Consider a sequence defined by linear recurrence $\displaystyle \sum_{j = 0}^m a_j f_{n-j} = 0$ and initial terms $f_0, \ldots, f_{m-1}$. The generating series for $f_n$ is given by a ratio of polynomials which can be explicitly computed.
Consider $$f_n = 2f_{n-1} + 3f_{n-2} + 4f_{n-3},$$ where $f_0 = 1, f_1 = 2, f_2 = 3$.
R.<z> = QQ[['z']]
a = [1, -2, -3, -4]
g = [1, 2, 3]
b = [sum(a[j]*g[k-j] for j in range(k+1)) for k in range(len(g))]
H = sum(a[j]*z^j for j in range(len(a)))
G = sum(b[j]*z^j for j in range(len(b)))
F = G/H
print(*F.coefficients()) # build the power series in sagemath
1 2 3 16 49 158 527 1724 5661 18602 61083 200616 658889 2163958 7107047 23341524 76660021 251772802 826891763 2715742016
N = 20 # compute the recurrence exactly for 20 terms
t = [0] * N
for i in range(len(g)): t[i] = g[i]
for i in range(len(g), N):
t[i] = -sum(t[i-j]*a[j] for j in range(1, len(a)))
print(*t)
1 2 3 16 49 158 527 1724 5661 18602 61083 200616 658889 2163958 7107047 23341524 76660021 251772802 826891763 2715742016
If our rational function $F$ is analytic on $D$ containing $0$, then the Cauchy integral theorem says $$f_n = \frac{1}{2\pi i} \int_\gamma \frac{F(z)}{z^{n+1}} dz = \underset{z = 0}{\mathrm{res}} \frac{F(z)}{z^{n+1}}$$ for a simple closed curve $\gamma$ around 0 contained in $D$. If we consider curve $C$ with large radius we have $$ \left| f_n + \sum_{\rho \neq 0} \underset{z = \rho}{\mathrm{res}} \frac{F(z)}{z^{n+1}} \right| = \left| \frac{1}{2\pi i} \int_C \frac{F(z)}{z^{n+1}} dz \right| $$ where $\rho$ are the singularities of $F$ inside $C$. The integral on the right is exponentially small as the radius of $C$ becomes large, so $- \sum_{\rho \neq 0} \underset{z = \rho}{\mathrm{res}} \frac{F(z)}{z^{n+1}}$ approximates $f_n$ closely.
R.<z> = QQbar[z]
G = R(G)
H = R(H)
# get roots of denom
c = []
r = H.roots()
for ρ, n in r: # compute residue at poles of $F$
f = (z - ρ)^n * G / H
c.append(factorial(n-1) * f.derivative(n-1)(z=ρ))
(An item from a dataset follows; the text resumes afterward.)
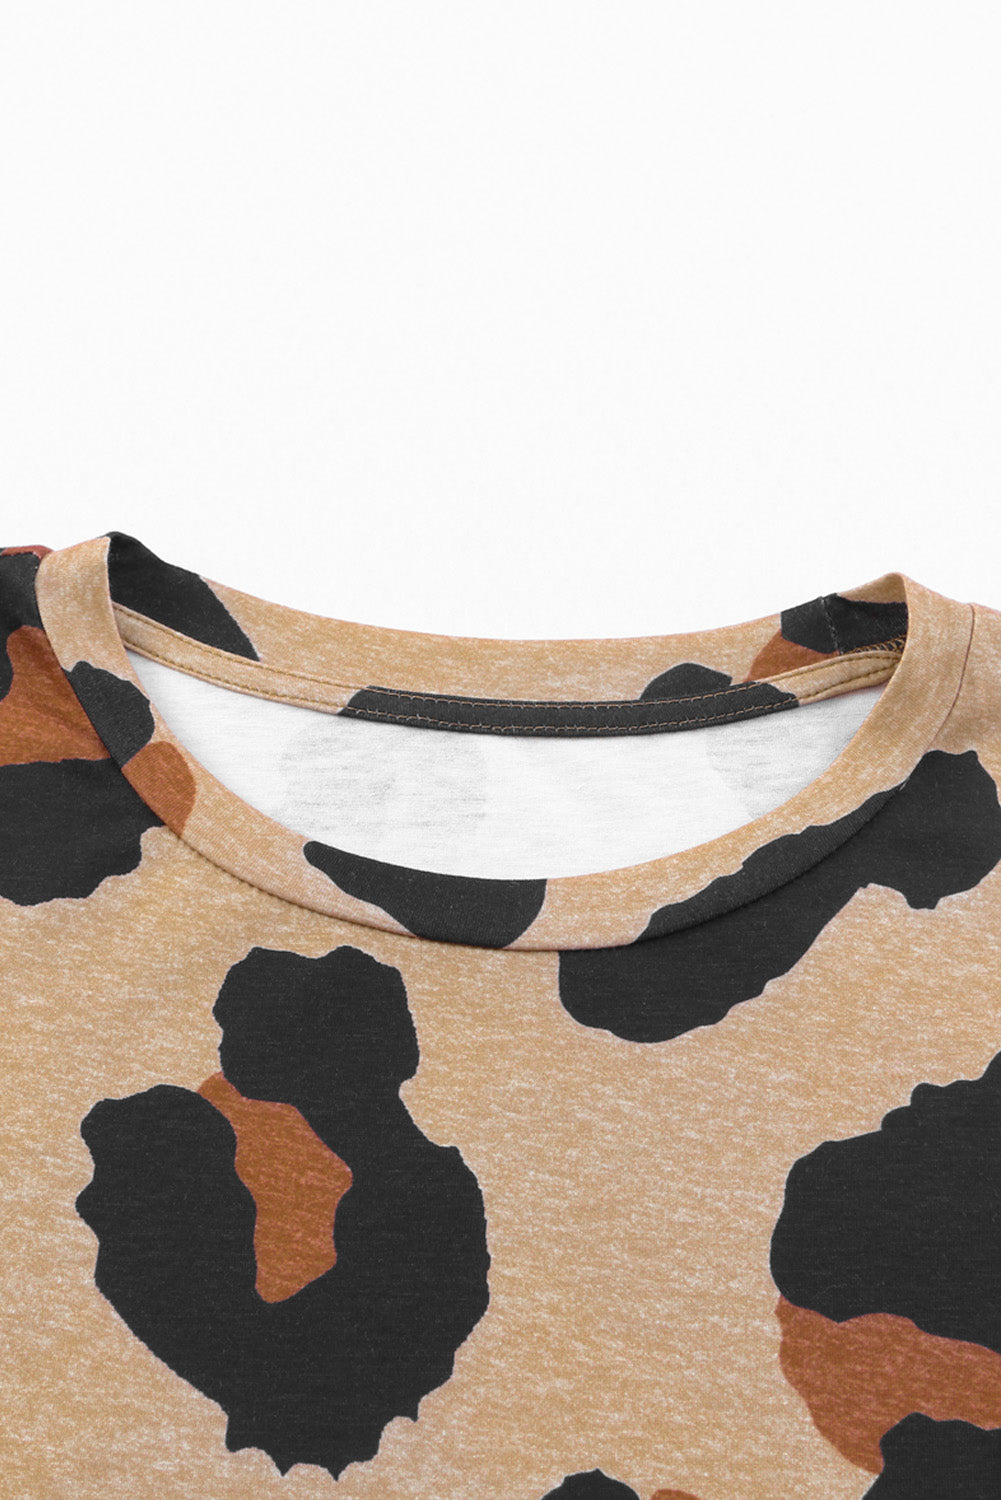 Rjava ohlapna majica z leopardjim vzorcem za fante

# build asymptotic formula
n = var('n')
asym = -sum(c[j]/r[j][0]^(n+1) for j in range(len(c)))
show(asym)
In this case, the asymptotic formula is exact since we symbolically solve each equation and add up the terms from every singularity of $F$.
print(*[(t[j], asym(n=j)) for j in range(20)], sep='\n')
(1, 1.000000000000000? + 0.?e-37*I) (2, 2.000000000000000? + 0.?e-37*I) (3, 3.000000000000000? + 0.?e-37*I) (16, 16.00000000000000? + 0.?e-36*I) (49, 49.00000000000000? + 0.?e-36*I) (158, 158.0000000000000? + 0.?e-35*I) (527, 527.000000000000? + 0.?e-35*I) (1724, 1724.000000000000? + 0.?e-34*I) (5661, 5661.000000000000? + 0.?e-34*I) (18602, 18602.00000000000? + 0.?e-33*I) (61083, 61083.00000000000? + 0.?e-33*I) (200616, 200616.0000000000? + 0.?e-32*I) (658889, 658889.000000000? + 0.?e-32*I) (2163958, 2.163958000000000?e6 + 0.?e-31*I) (7107047, 7.107047000000000?e6 + 0.?e-31*I) (23341524, 2.334152400000000?e7 + 0.?e-30*I) (76660021, 7.66600210000000?e7 + 0.?e-29*I) (251772802, 2.517728020000000?e8 + 0.?e-29*I) (826891763, 8.26891763000000?e8 + 0.?e-28*I) (2715742016, 2.715742016000000?e9 + 0.?e-28*I)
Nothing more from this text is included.